В этой избе была на редкость скрипучая дверь. В доме росли четверо ребятишек мал-мала меньше, и дверные петли нарочно не смазывали, чтобы слышать, когда непоседливые пытаются ускользнуть в сени.
Майрико уставала от детей. Она привыкла к тишине. Потому лепет, визг и хныканье больно били по душе, тревожили, мешали отдохнуть. Да еще и старший мальчонок, от силы пяти весен от роду, прилип к обережнице и всюду ходил за ней, засыпая вопросами. Креффу нравилась его любознательность, но к вечеру ребенок утомил ее паче чаяния.
Хорошо еще мать сообразила и забрала-таки чадо. Майрико винила себя за черствость, но понимала — малыши могут забавлять ее не больше пары оборотов. Потом их всех хотелось выдрать и расставить по углам. От этого становилось стыдно. Ведь целительница понимала, откуда в ней это. То брала душу досада. Досада, что никогда ей не познать простых бабских хлопот Не родить детей, не выйти замуж.
Хотелось ли? Если б было можно! Если бы мог позвать тот, кто каленой стрелой застрял в сердце… сидела бы у печи, ткала бы холсты, обстирывала, готовила, рожала детей. Его детей. И была бы счастлива. Но счастье обошло ее стороной. Оттого и глодала сердце досада. Досада на себя саму, на свою долю, на тех, к кому Благии были не так жестоки.
Вечером, когда ребятишки сладко сопели на полатях, молодая хозяйка хлопотала у стола, собирая обережнице вечернюю трапезу: молоко, хлеб.
Майрико провела в этой веси несколько дней — делала снадобья для ребятишек. В этом году в Млещицы пришла детская ржа. Хворь, убивавшая молодших детей и безобразившая тех, кто постарше. Оттого и отрядил Нэд лекарку по деревням. Кому как не бабе вожжаться с такой напастью? А выучей на Ихтора с Рустой оставить — не великий грех.
Отчасти целительница радовалась своему отъезду. Клесха в Цитадели не было, они успели повидаться, но он в тот же день уехал по поручению Главы. Вроде бы не бежал от нее, но и близки они, как когда-то, все одно — не были. Впрочем, главное — он простил. Об остальном целительница старалась не думать. Училась радоваться тому, что есть.

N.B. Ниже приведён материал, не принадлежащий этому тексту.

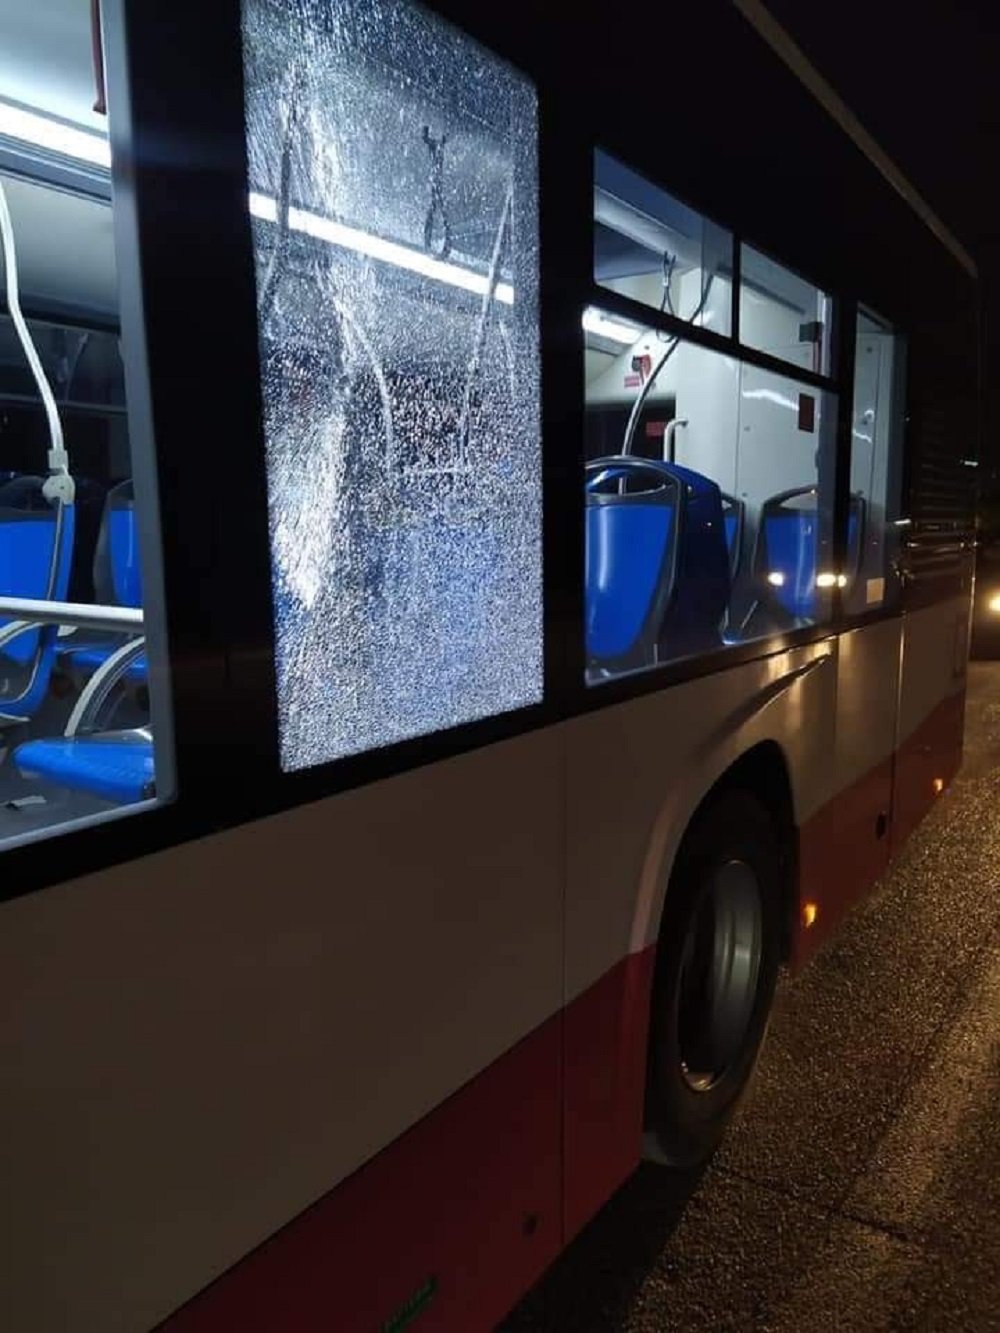 Vandalizzato un autobus nuovo di zecca ad Acerra, finestrini in frantumi

Стоял плодовник. Жаркий, знойный, как и все прошедшее лето. Люди молили Хранителей о дожде. Но дождя не было. Земля пересыхала, и трава была желта, словно лыко, но засуха не отступала.
А в Цитадели сейчас прохладно… Майрико пила парное молоко и толкла в голове, как воду в ступе, окаянные думы.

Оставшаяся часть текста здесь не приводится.